To gain insight into the genetic interplay between LDHB and other glycolysis genes in triple-negative breast cancer, we examined whether specific genes from the glycolytic signature correlated with LDHB expression. Eighteen genes were found to positively correlate with LDHB expression, the most significant being the lactate transporter MCT1 (Supplementary Fig. S4). The monocarboxylate transporter (MCT) family includes 14 genes, 4 of which (MCT1-4) are involved in lactate transport (23–25). Therefore, we examined the expression profile of LDHB, MCT1, and other lactate pathway genes (LDHA, MCT2, MCT3, and MCT4) across the different breast tumor subtypes to determine if specific pathway components might cofunction (Fig. 4D and Supplementary Fig. S5). MCT1 expression significantly correlated to LDHB expression in both basal-like and claudin-low tumors. In contrast, the other MCT proteins showed either no correlation (MCT2 and MCT3) or a negative correlation (MCT4) to LDHB in basal-like tumors. Interestingly, while MCT4 and LDHA are upregulated in response to hypoxia (18, 25), both MCT1 and LDHB are expressed in normoxic regions of breast cancer (data not shown), suggesting that different isoforms of LDH and MCTs function together in distinct tumor microenvironments.

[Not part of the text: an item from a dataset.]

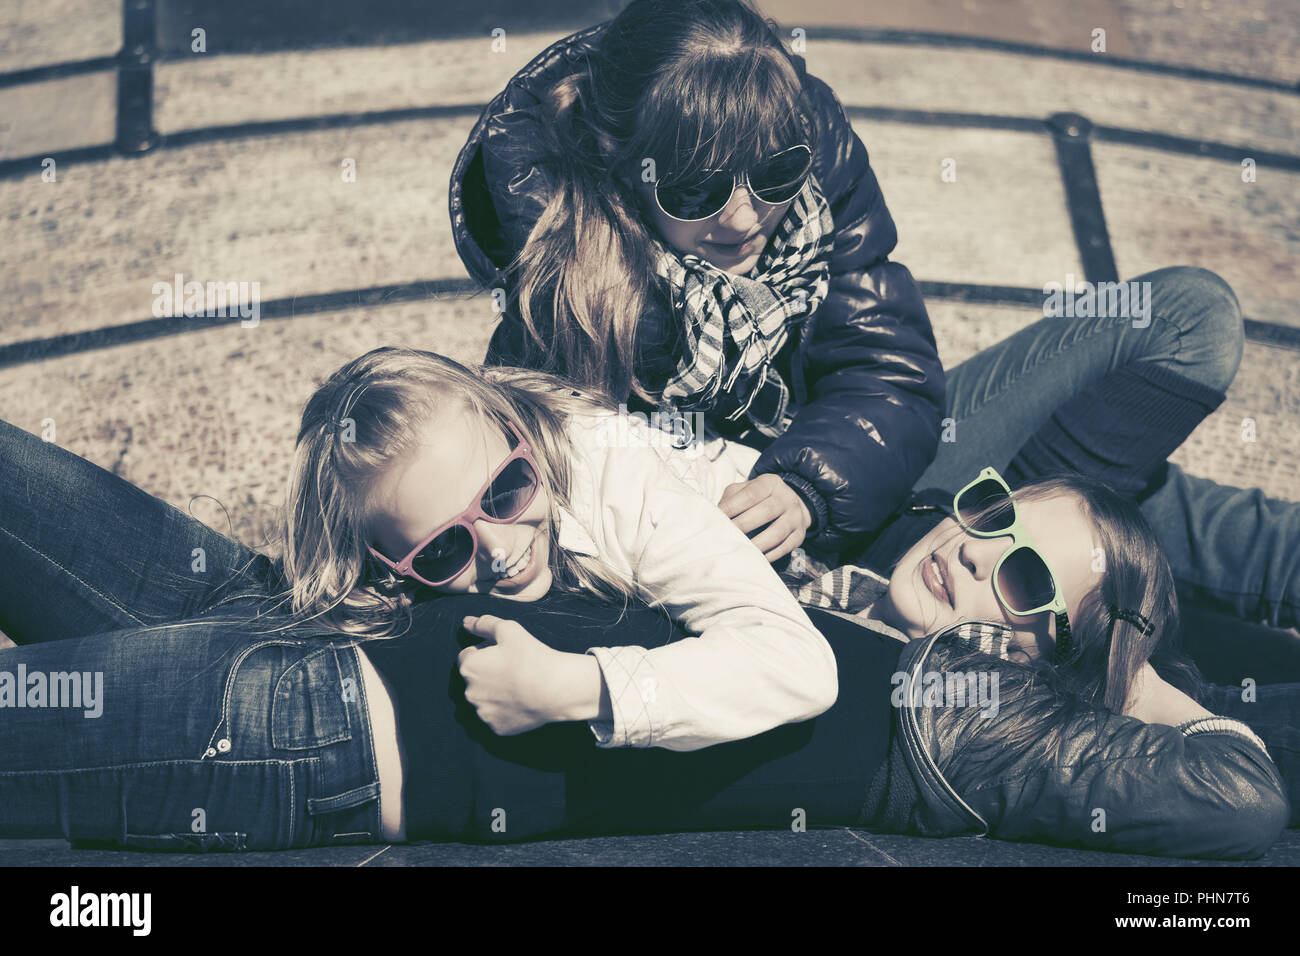 Gruppo di felice teen ragazze in una strada di città Immagini Stock

To extend these coexpression findings at the protein level, we conducted immunohistochemical analysis of LDHA, LDHB, MCT1, and MCT4 in ER/PR, and HER2-annotated breast tumors. The specificity of immunohistochemical staining for each antibody was validated by the use of cell line controls (Supplementary Fig. S6). Consistent with our data in breast cancer cell lines, LDHB was expressed at moderate or high levels (having an IHC score of 2 or 3; P = 10−5) in 64% of triple-negative breast cancers (n = 31 tumors), with weak or no expression detected in normal breast, HER2+ tumors, or HR+ tumors (Fig. 5 and Table 1). Furthermore, MCT1, but not MCT4, was significantly upregulated in triple-negative breast tumors, as 26% of triple-negative breast cancers (P = 0.02; n = 31 tumors) exhibited an IHC score of 2 or 3. Moreover, MCT1 correlated to LDHB expression (P = 0.001) within the triple-negative tumor subset (Fig. 5C–E). These data indicate that LDHB and MCT1 are coupregulated in triple-negative breast tumors and suggest a codependent function for these 2 genes in triple-negative breast cancer.

Figure 5.

LDHB and MCT1 are coexpressed in basal-like breast cancer. A, representative photomicrographs show LDHB expression in normal breast and triple-negative breast tumors. IHC score is indicated in parenthesis. B, average IHC scores for LDHB, LDHA, MCT1, and MCT4 are shown for each breast tumor subtype. The number of samples scored for each marker per tumor subytpe is shown in Table 1. Tumor subtypes were defined as HR+, HER2 positive (HER2+), and triple negative (TN; lacking ER, PR, and HER2). P values indicate a statistically significant difference and error bars represent SEM. C and D, correlation analysis of LDHB coexpression with MCT1 (C) or MCT4 (D) in triple-negative breast tumors (n = 31 tumors). Orange box highlights a statistically significant association between LDHB and MCT1 overexpression using Fisher exact test (P = 0.001). Levels of LDHB, MCT1, and MCT4 proteins are indicated on the top as low (IHC score 0 or 1) or high (IHC score 2 or 3). E, representative images showing LDHB and MCT1 expression from serial sections of the same tumors. Level of LDHB and MCT1 protein expression are indicated on the top as low or high.

Figure 5.

LDHB and MCT1 are coexpressed in basal-like breast cancer. A, representative photomicrographs show LDHB expression in normal breast and triple-negative breast tumors. IHC score is indicated in parenthesis. B, average IHC scores for LDHB, LDHA, MCT1, and MCT4 are shown for each breast tumor subtype. The number of samples scored for each marker per tumor subytpe is shown in Table 1. Tumor subtypes were defined as HR+, HER2 positive (HER2+), and triple negative (TN; lacking ER, PR, and HER2). P values indicate a statistically significant difference and error bars represent SEM. C and D, correlation analysis of LDHB coexpression with MCT1 (C) or MCT4 (D) in triple-negative breast tumors (n = 31 tumors). Orange box highlights a statistically significant association between LDHB and MCT1 overexpression using Fisher exact test (P = 0.001). Levels of LDHB, MCT1, and MCT4 proteins are indicated on the top as low (IHC score 0 or 1) or high (IHC score 2 or 3). E, representative images showing LDHB and MCT1 expression from serial sections of the same tumors. Level of LDHB and MCT1 protein expression are indicated on the top as low or high.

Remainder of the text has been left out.